In 1971 Bill Haley put down the roots for the Jackie Robinson West little league. With teams for boys ages 6 through high school and a minimal participation fee, there was a place on a team for every neighborhood boy who wanted to play. Girls could participate in the league as well as Haley issued them pompons and t-shirts and many rooted for their neighbors as cheer leaders. Games in Mt Vernon, later renamed Jackie Robinson, Park were community wide events as the whole neighborhood came to cheer on their boys. These were wholesome families; parents worked as nurses, teachers, police officers, and in various capacities for the city, and there was much parental involvement on most of the Little League teams. League alum David Harris, now an attorney in the Atlanta area, cites his years on Jackie Robinson West as molding his identity as a leader and team player. Harris lauds Bill Haley and Illinois senate leader Emil Jones as the builders of the league that played a role in generations of boys in the neighborhood. It was through this little league and all around community involvement, that families stayed in Mt Vernon as a safe place to raise new generations of ball players, cheerleaders, and wholesome kids. 

As the 1980s moved into the 1990s and then the 2000s, less and less African American children turned to baseball. Sports had become a year round endeavor as kids began to specialize in one sport for the entire year rather than play seasonally. With high participation fees for travel leagues, many African American kids turned to football and basketball as their sport of choice.

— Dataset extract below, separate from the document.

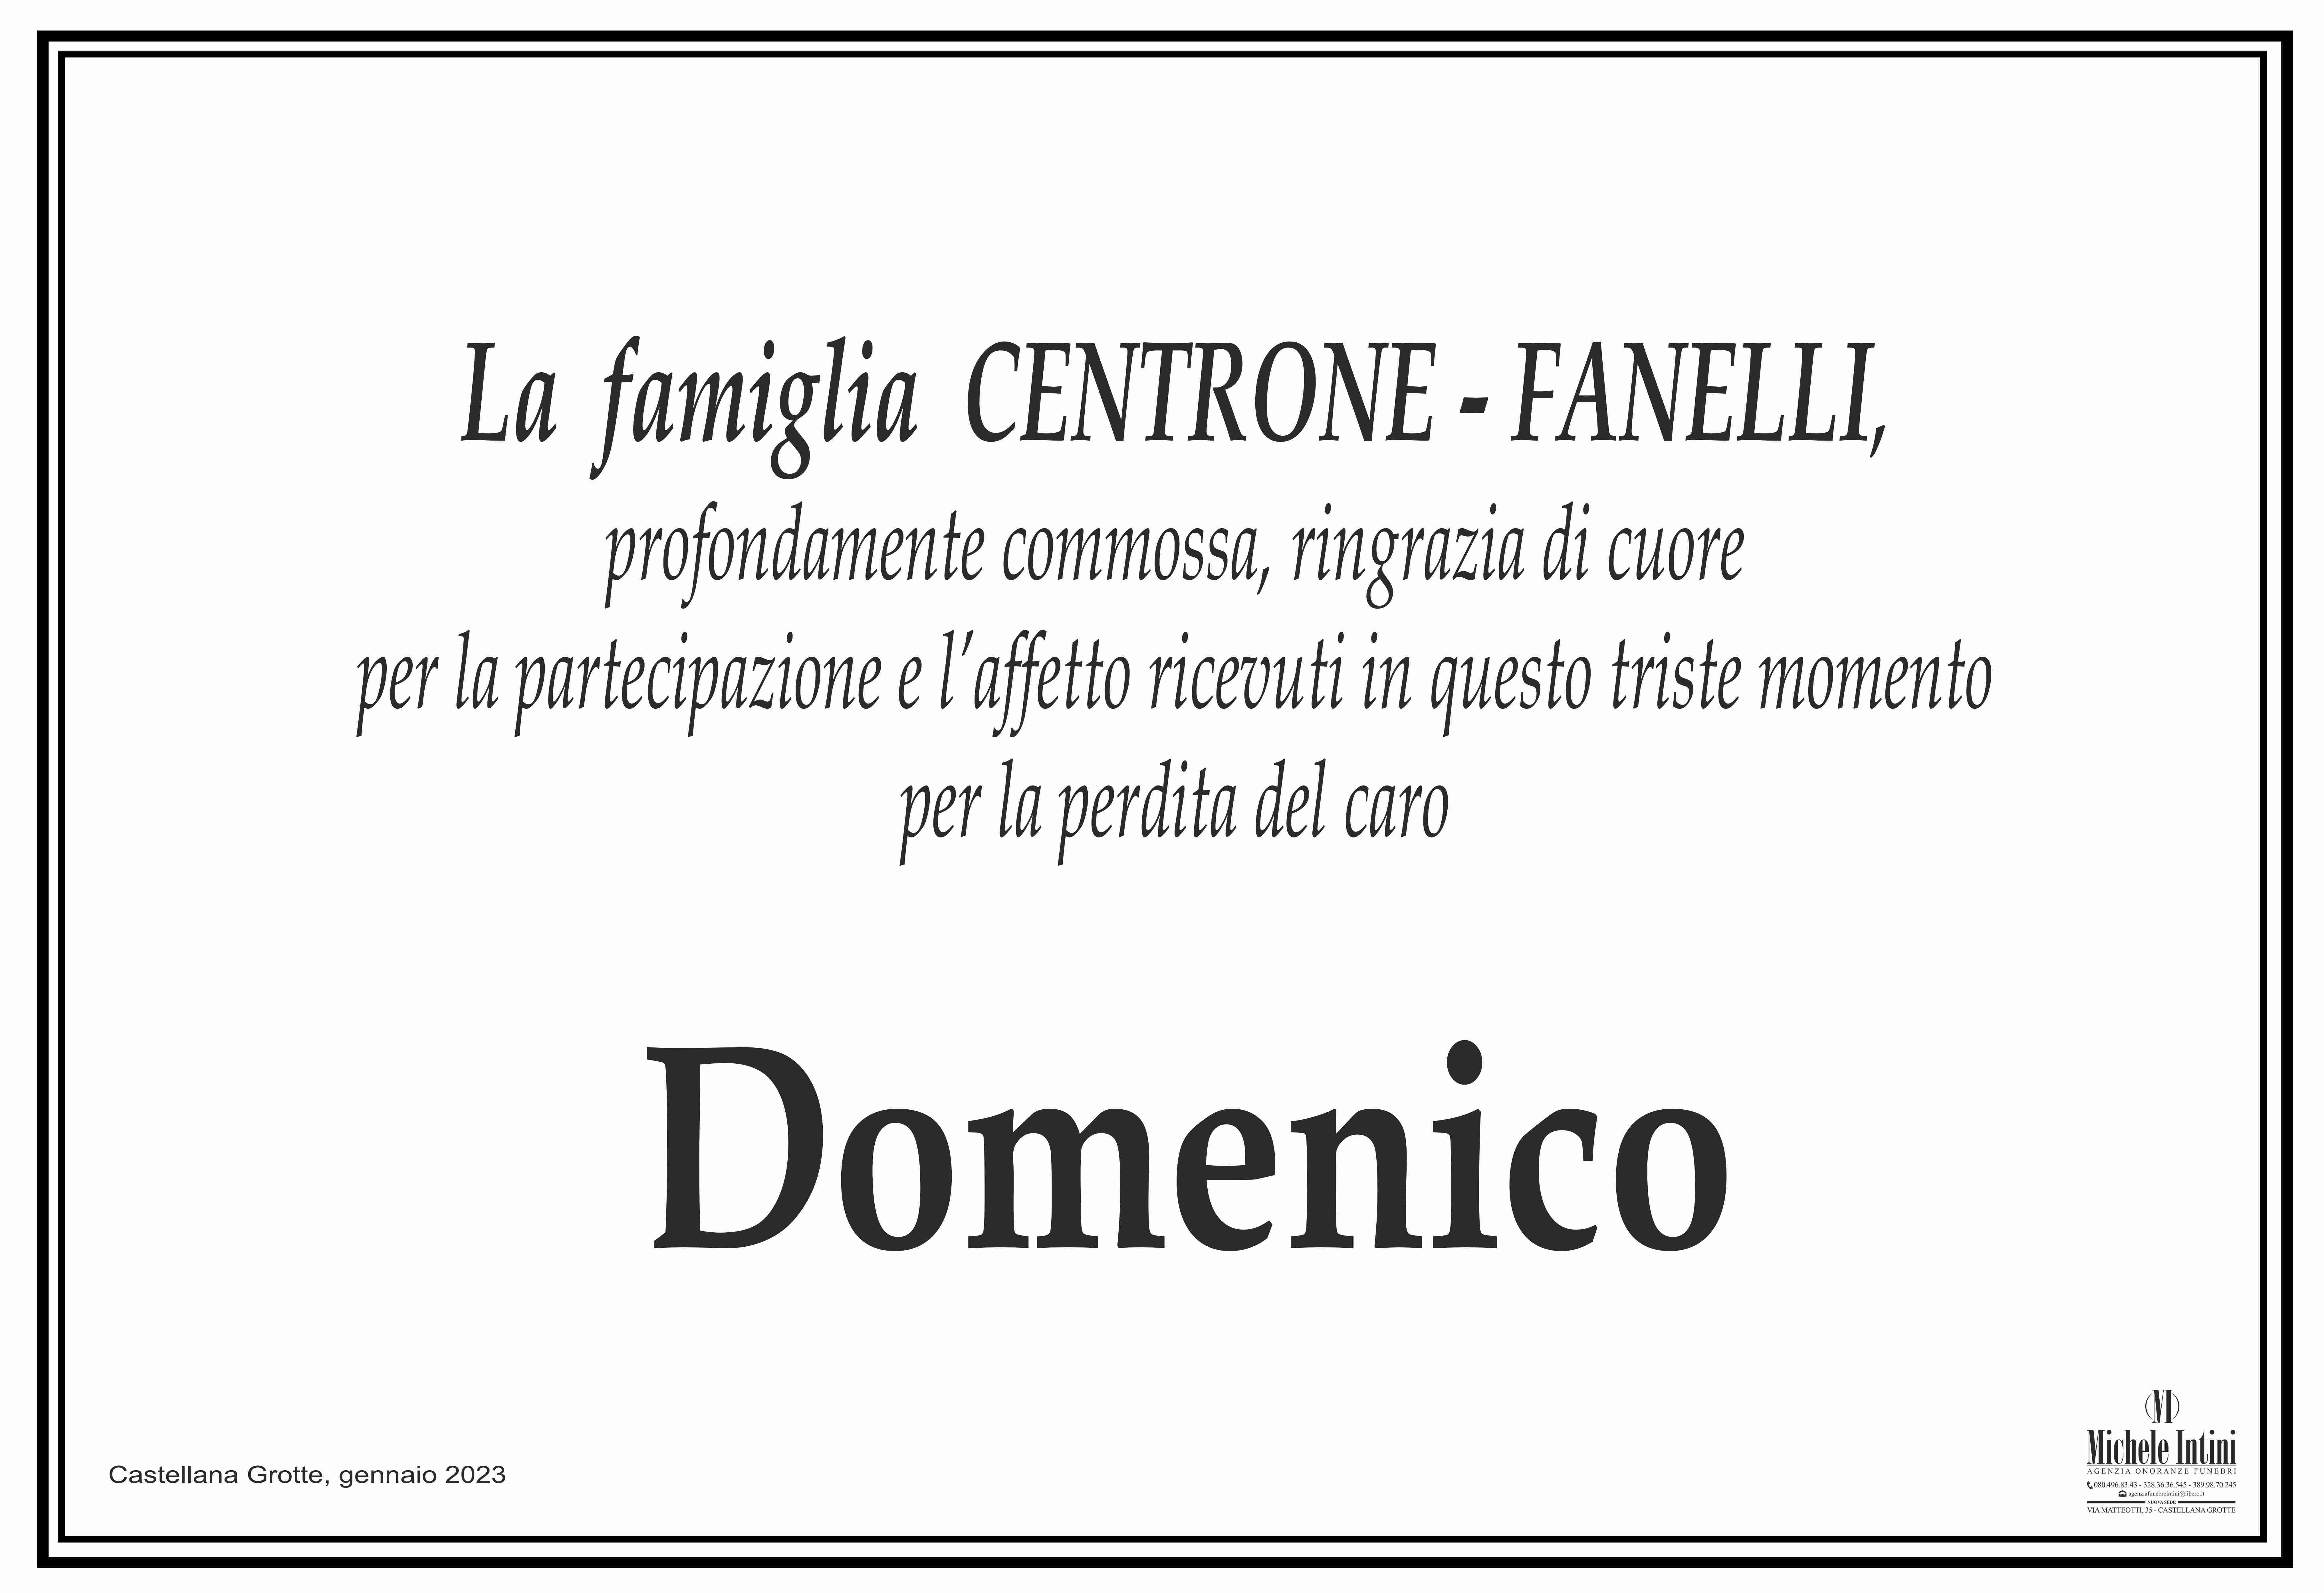 Domenico Centrone

If parents did not want to risk their kids becoming a statistic by venturing outside to a park, kids stayed home and played video games. Baseball was becoming an afterthought, and Major League Baseball wanted to do something to boost African American participation. Their RBI program aimed at inner city baseball leagues, had opened some eyes, but going forward, many kids prefer other sports to baseball fans even if baseball may be a safer alternative to football. From the major leagues to little league, administrators looked for new ways to encourage African Americans to turn to baseball as their sport of choice. 

The 2014 Jackie Robinson West Little League Team came along at a time when both little league participation and Chicago Major League Baseball was at an all time low. Yet, the team did the unthinkable: the boys made it all the way to the Little League World Series and then made it to the championship game. The boys known as JRW had won America’s hearts and become the feel good story of the year and more importantly increased exposure and television ratings. Yet, according to community members, JRW was not a Cinderella Story. The boys on the team came from two parent, middle class families, and both parents worked with their sons to mold them into top ballplayers, students, and leaders. Galvanized by the team, the community met for watch parties and the city finally had a baseball team to cheer about. Even in a summer with more gang shootings than ever, for two weeks the murder rate was down as people all across Chicago met to watch their boys compete for a title. 

Five years later some members of the 2014 JRW team, now associated with Cal Ripken League, are finishing high school and eligible for major league baseball’s draft. With the draft this week, it will be interesting to see if some of the boys made it. In 2014, the Jackie Robinson West team was the feel good story of the summer. The boys were noticed by African American Major League ball players and the president of the United States. They made their community proud and allowed Chicago to be known for something positive. George Castle, a native Chicagoan, has done a fine job of documenting the Mt Vernon community and Jackie Robinson Little League as one built to last by community leaders and should be commended and used as an example by inner city communities across the United States.